Monday, April 27, 2020

Why do businesses succeed...and fail?

Quick, simple answers pop right up.  But pause a moment and the simple answers just don't provide complete understanding.  The obvious answers are:

  • make money and become rich;
  • a challenge you can't refuse;
  • compete and win; 
  • see and meet a need.
The truth may be that there are as many reasons for starting a new business as there are people trying.  

Most businesses start with one common trait: each and every founder of a successful business was stubborn and a leader.

There is, however, one additional trait: perceptiveness. They understood and met the needs of the customer...of the marketplace.  Quality and Price always go together if there is to be success.

An study of the beginnings of any business only teach us about that...the beginning.  There have been many men who started a business and ran it successfully, only for it to fade and fail upon the death of the founder.  Why?

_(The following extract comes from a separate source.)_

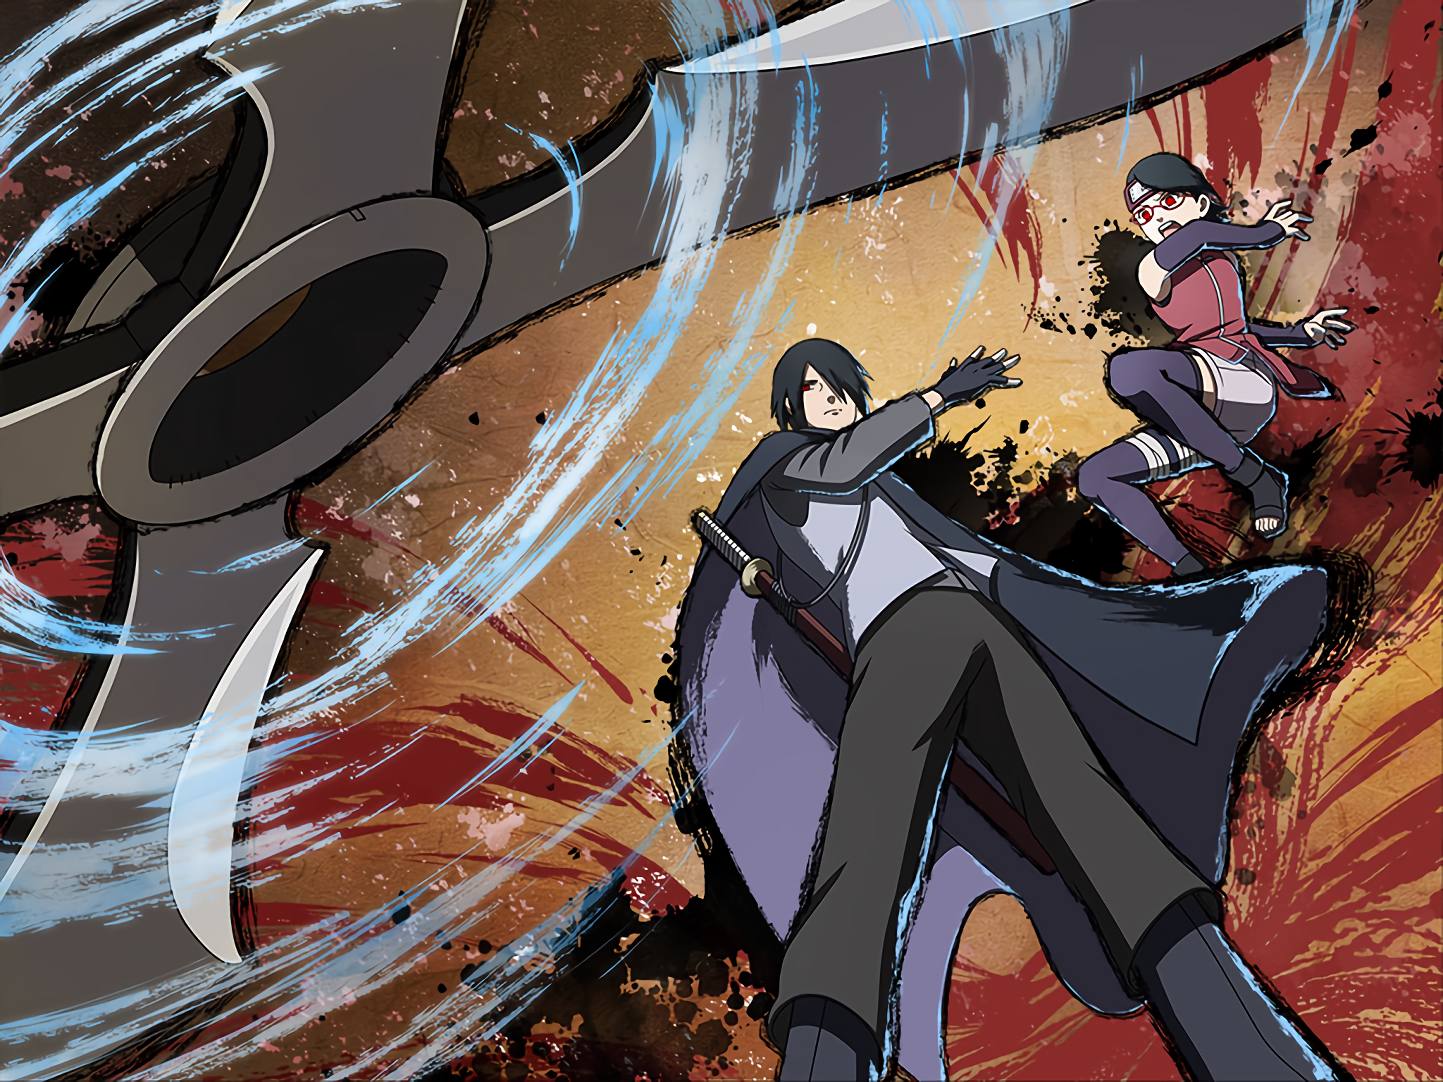 Sasuke & Sarada Uchiha wallpaper by Rtg_Daksh - Download on ZEDGE™

Many stubborn leaders don't want to delegate; it gives up control of quality and process and leaves the leader subject to mistakes and lack of drive by others and is anathema.  They don't like it; it smacks of lack of control and giving up of power.  They will make it very uncomfortable for anyone who pushes for any sort of delegation.  That stress will tend to drive all but the most subservient away...to other businesses or enterprises, leaving no one of leadership quality to continue the business upon the passing of the founder.

The businesses that survive do so because some just as stubborn subordinate refuses to be driven out and values what the business does more than a good relationship with the founder OR the founder comes to see the business not as an extension of themselves, but as having a business life and purpose of its own, and comes to appreciate nurturing it as a separate entity, welcoming others with new and different approaches.  If all at the top management level continue to respect and nurture that approach, the business will survive until that attitude fades and dies or the quality of leadership fades and dies.  Either will lead to collapse or absorption by another, successful, company.

Why be concerned with such considerations?  One major reason is as a potential investor.  You can be certain that the attitudes and quality of management, whether of a start-up or an ongoing business, are of paramount reason to a Warren Buffet and others who make their living as investors.  Whether buying stock, or investing in ownership/profits of start-ups, success depends on evaluating the motivation and talents of those at the top (or, in the case of a new business...the bottom).  As a person looking for a job, the same evaluation would be a benefit, if only to work at getting a job that would last.